Sunday, April 26, 2009

Spice Drops

Hello, no audience at all except for the ultra-clever Chris,
One of my favorite candies is the spice drop. They should be rife with intense spicy goodness. Unfortunately some manufacturers mean "small gumdrops" when they call their product spice drops. They are usually pretty generic, too; you'll mostly find packages of spice drops under the aegis of the grocery store's private brand. It's a crap shoot as to what flavors will be in them.

If you want the REAL spice drop, Walgreens store brand has them. The orange ones are clove, the red are cinnamon, the green are spearmint, the white are peppermint, the purple/black ones are licorice and the yellow ones are, uh, sugar water? furniture polish? Not sure. Not lemon. If they are supposed to be lemon, they've failed. Maybe they're palate cleansers so you can taste the other spices. But in general, the Walgreens spice drops are authentic.

I like cherry gumdrops and lime ones and orange ones. But they aren't spice drops. Just sayin'. I don't know why the spicier candies seem to be disappearing. You can still get Hot Tamales. There's the spicy goodness of the clove-flavored Necco wafer. Americans seem to like their flavors sweet and not too intense. You don't see the unfortunately named horehound drops much, the C. Howards Violet pastilles are a curiosity and banana flavored things are now limited to ice cream, yogurt and cereals. The other day I bought root beer barrels (also at Walgreens, the last bastion of "older" candies) and I had forgotten how good they are. (Rootbeer, just as a sidebar here, is made with cardamon (that's the flavor you taste in graham crackers) and licorice. Most people in the U.S. don't know this but in other countries around the world these flavors seem obvious.)

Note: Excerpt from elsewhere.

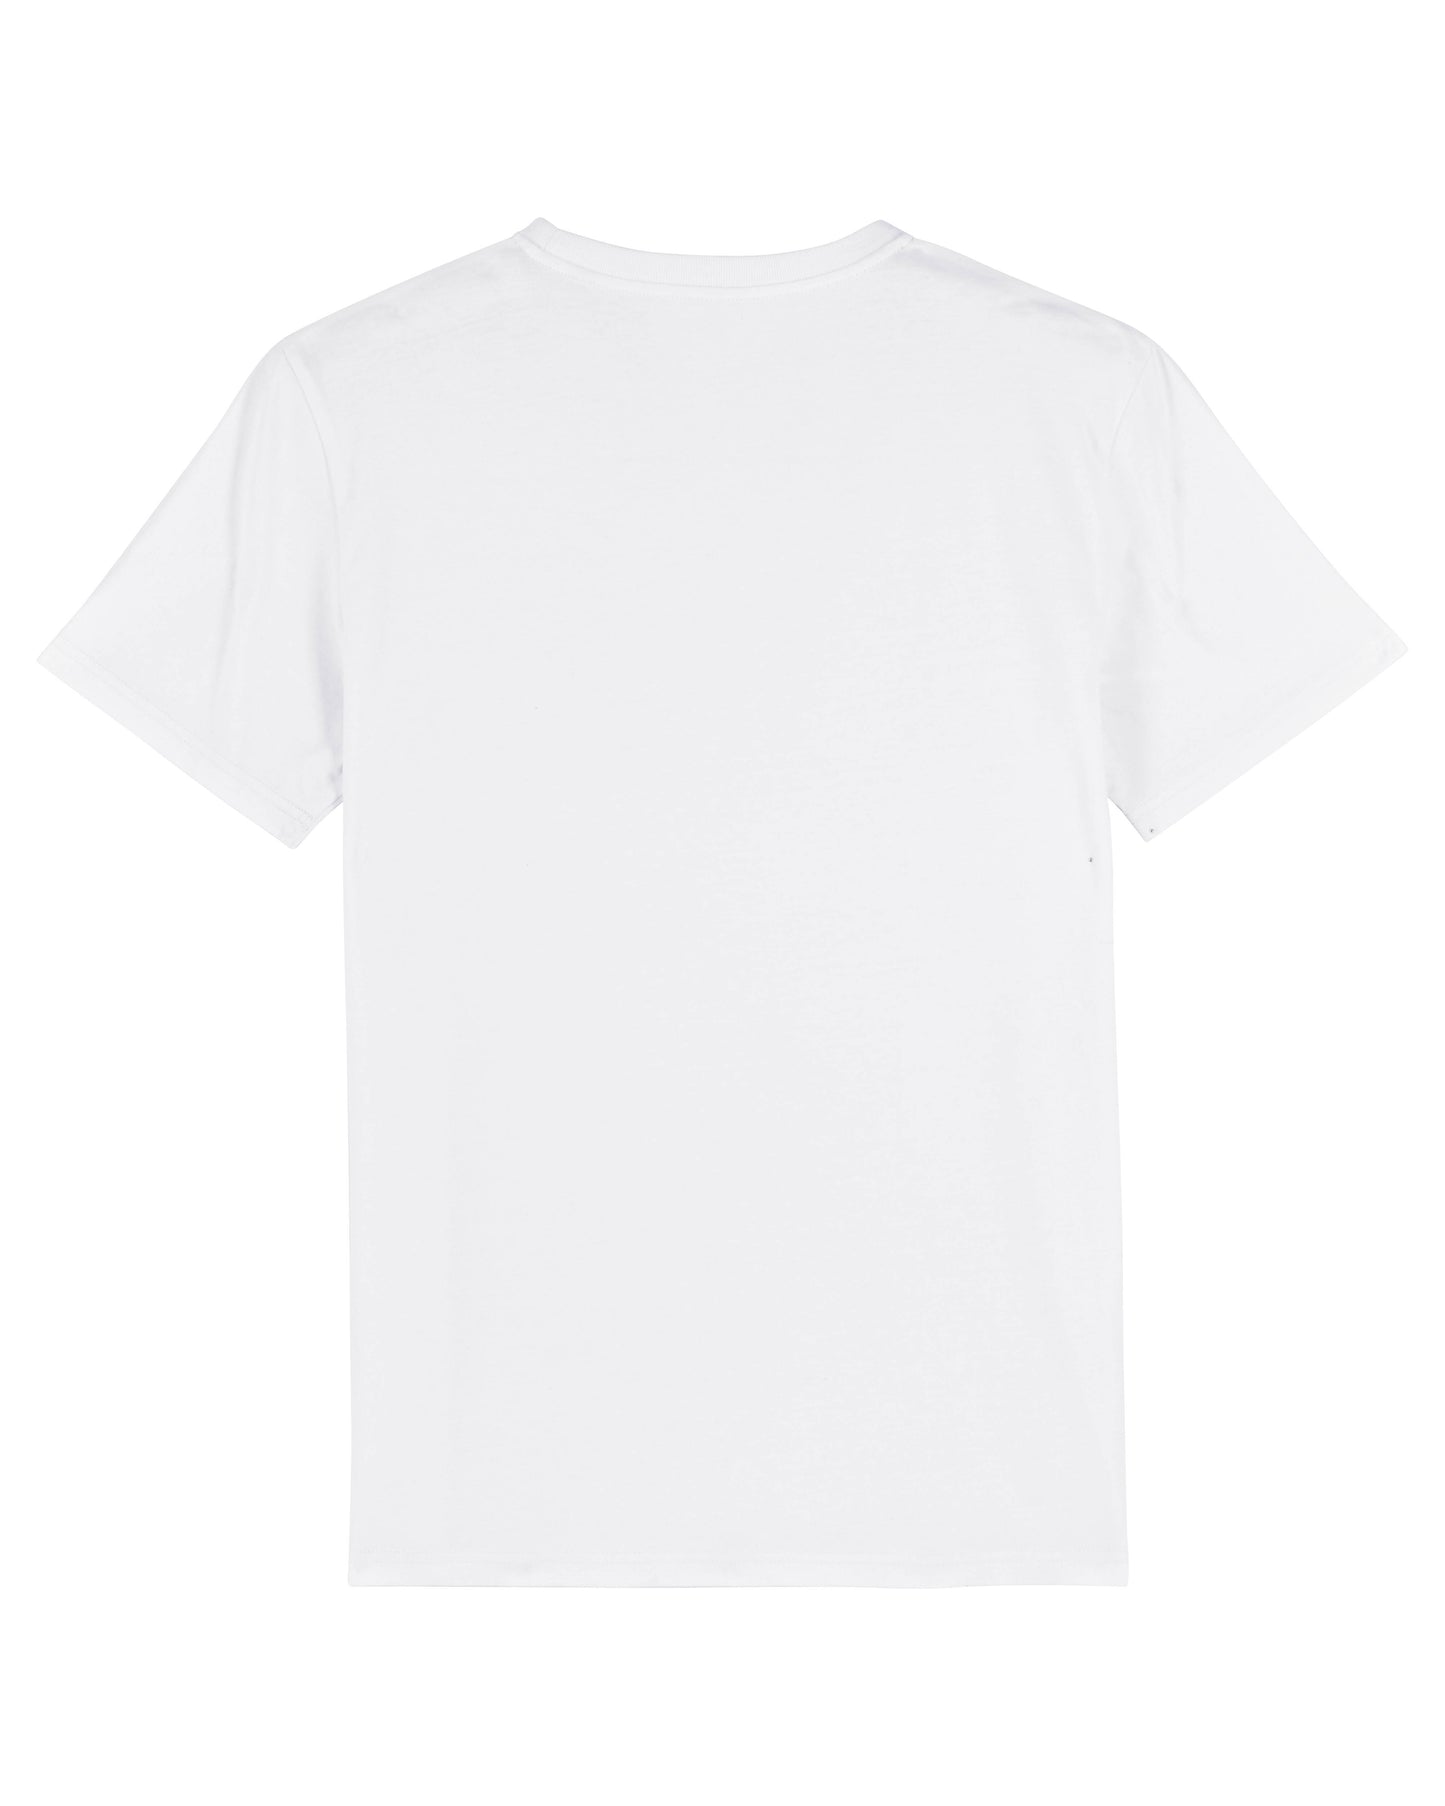 PIERRE BERGER- 100% Organic Cotton Unisex T-Shirt Black White Simple Typhography
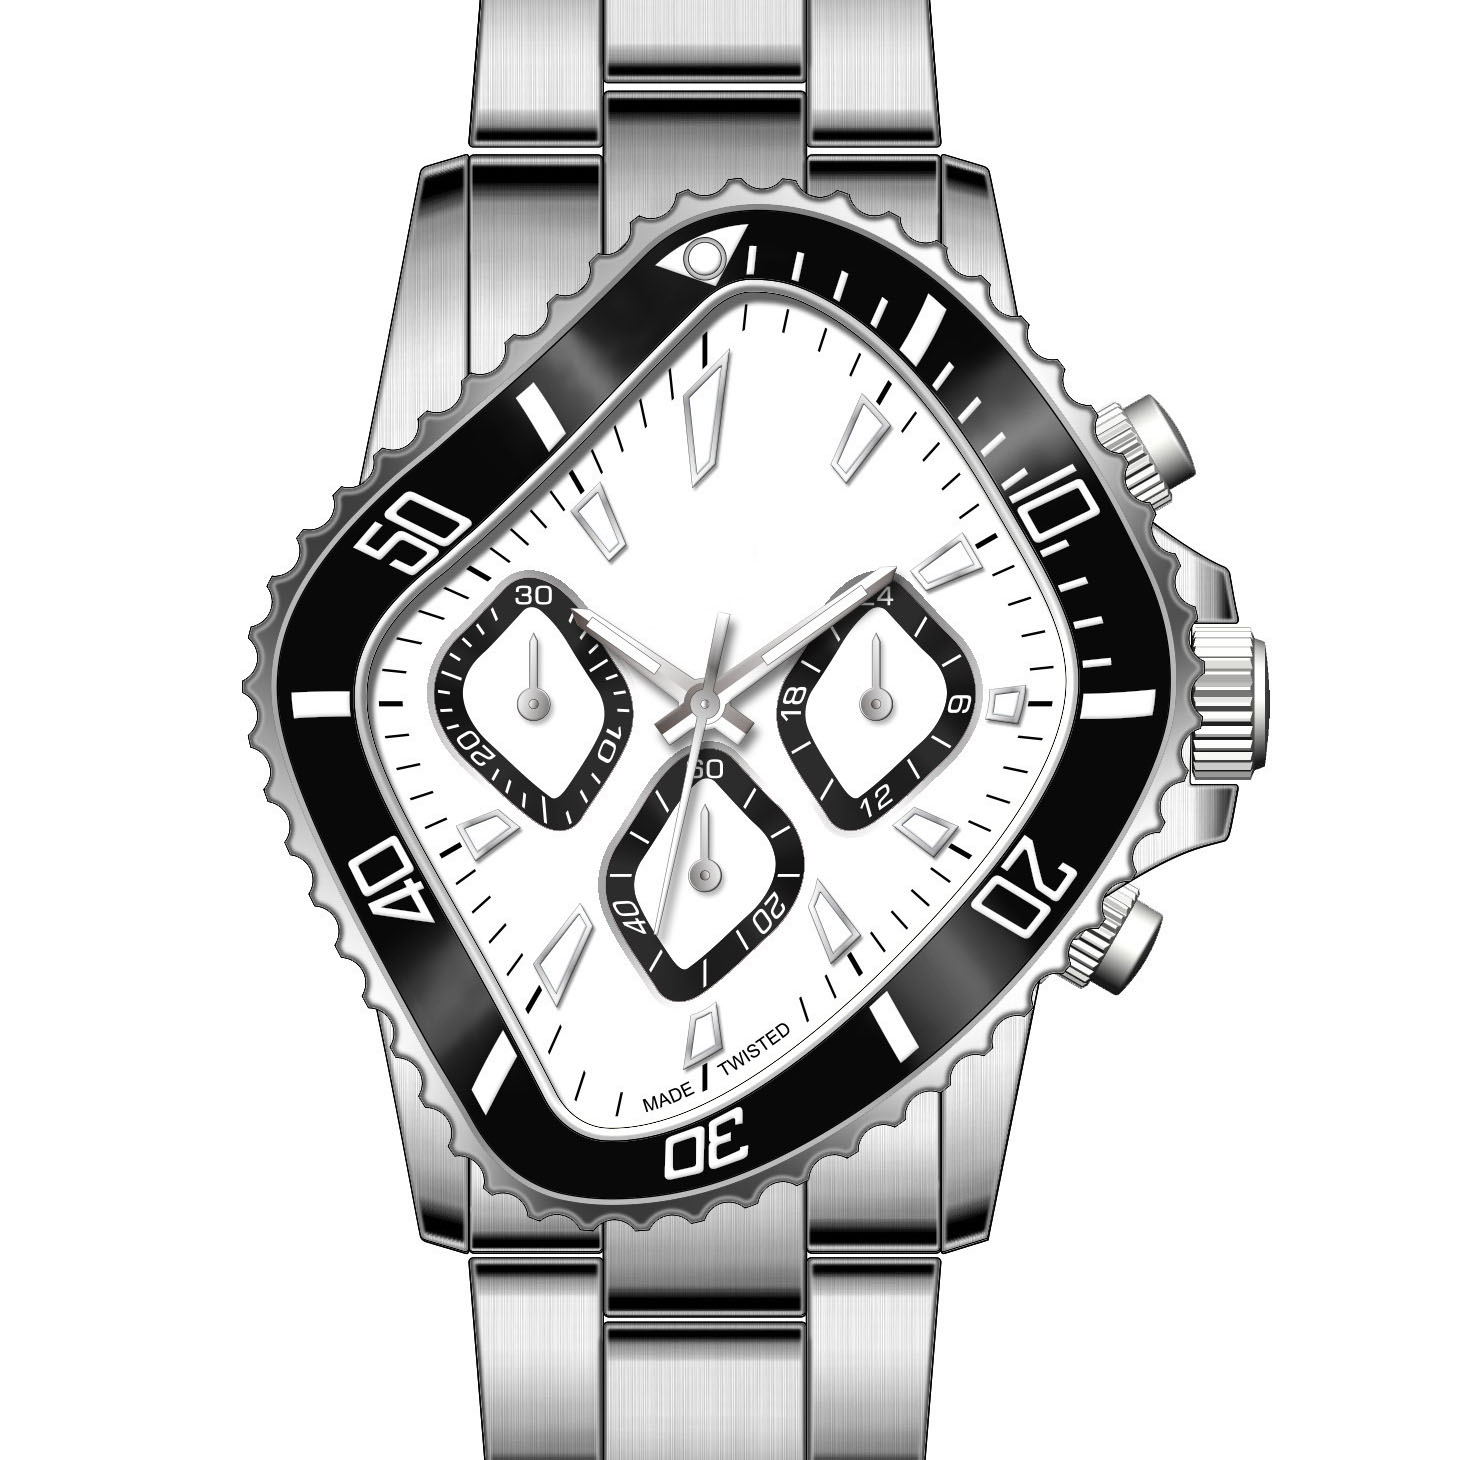 OEM Small MOQ Customize Brand New Design Crashed Submariner Quartz Watches

I used to take care of the candy aisle at several Walgreens (Wags as the boys on Wall Street call them) and I admit a bit of prejudice in their favor (they were okay to work for but my fondness for them stems more from the fact that they carry items one used to get at the five and dime store of my youth- Rit dye, shoe polish, needles and thread, oil of clove for the toothache, sweet oil for the ear ache, ipecac for nausea (eww, don't try it though- it induces almost immediate vomiting), shoe laces, coloring books, single popsicles playing cards, poker chips, corn cob pipes, plastic ash trays, pipe cleaners etc etc). They are the last bastion of brick-and-mortar stores that sell genuine old candy.

For example, those pink and white peppermint/wintergreen thick pastilles that your grandma had in a candy dish in the living room? You can find them at Walgreens. Butterscotch discs? Yep. The classic red and white peppermint discs? Uh,huh. The almost pyramidal (and I don't believe I'M saying this) overly sweet chocolate (?) covered cream drops? Yeah. And they're as cloying as ever. My grandpa loved them. Walgreens still sells Clove gum and sometimes you can find Teaberry or Blackjack there, too. Their gum section is pretty complete.

In another world, I am selling penny candy, coffee and books/newspapers/magazines at a little store in a medium sized town. My store has the very old (turn of the century) candy dots on paper, peas and carrots (candy shaped like peas and little square carrot pieces), chocolate babies, roasted nuts (in a warm delicious smelling display roaster), white nougat jewel candy, iced gumdrop squares, French burnt peanuts (Wags has them), Boston baked beans (Wags again), Neapolitan squares- like the old Brach's displays used to have, chick-o-stix, french vanilla taffy, Ruth Hunt Blue Monday bars, the Australian delicacies of the Violet Crumble, the Banana Milky Way, the Strawberry Milky Way), Cherry Humps, Hay stack candy in chocolate and coconut, sour balls, sugar eggs with the picture inside, bridge mix (Wags again- although it's a bit different now), candy cigarettes, Callard and Bowser toffee and licorice, sherbet fountains, malted milk balls, candy sticks in all flavors and much more.

You want a copy of Der Spiegel? We got it. London Book Review? Yep. French Vogue? Mais, oui. The American Scholar? It's in that corner over there by the imported cigarettes, right where the Princeton Review is, see it? A copy of The Taming of the Shrew? Right by that display of Gerard Manly Hopkins' poetry books, see? Right there. Rod McKuen? Get the fuck out of my store, Bub.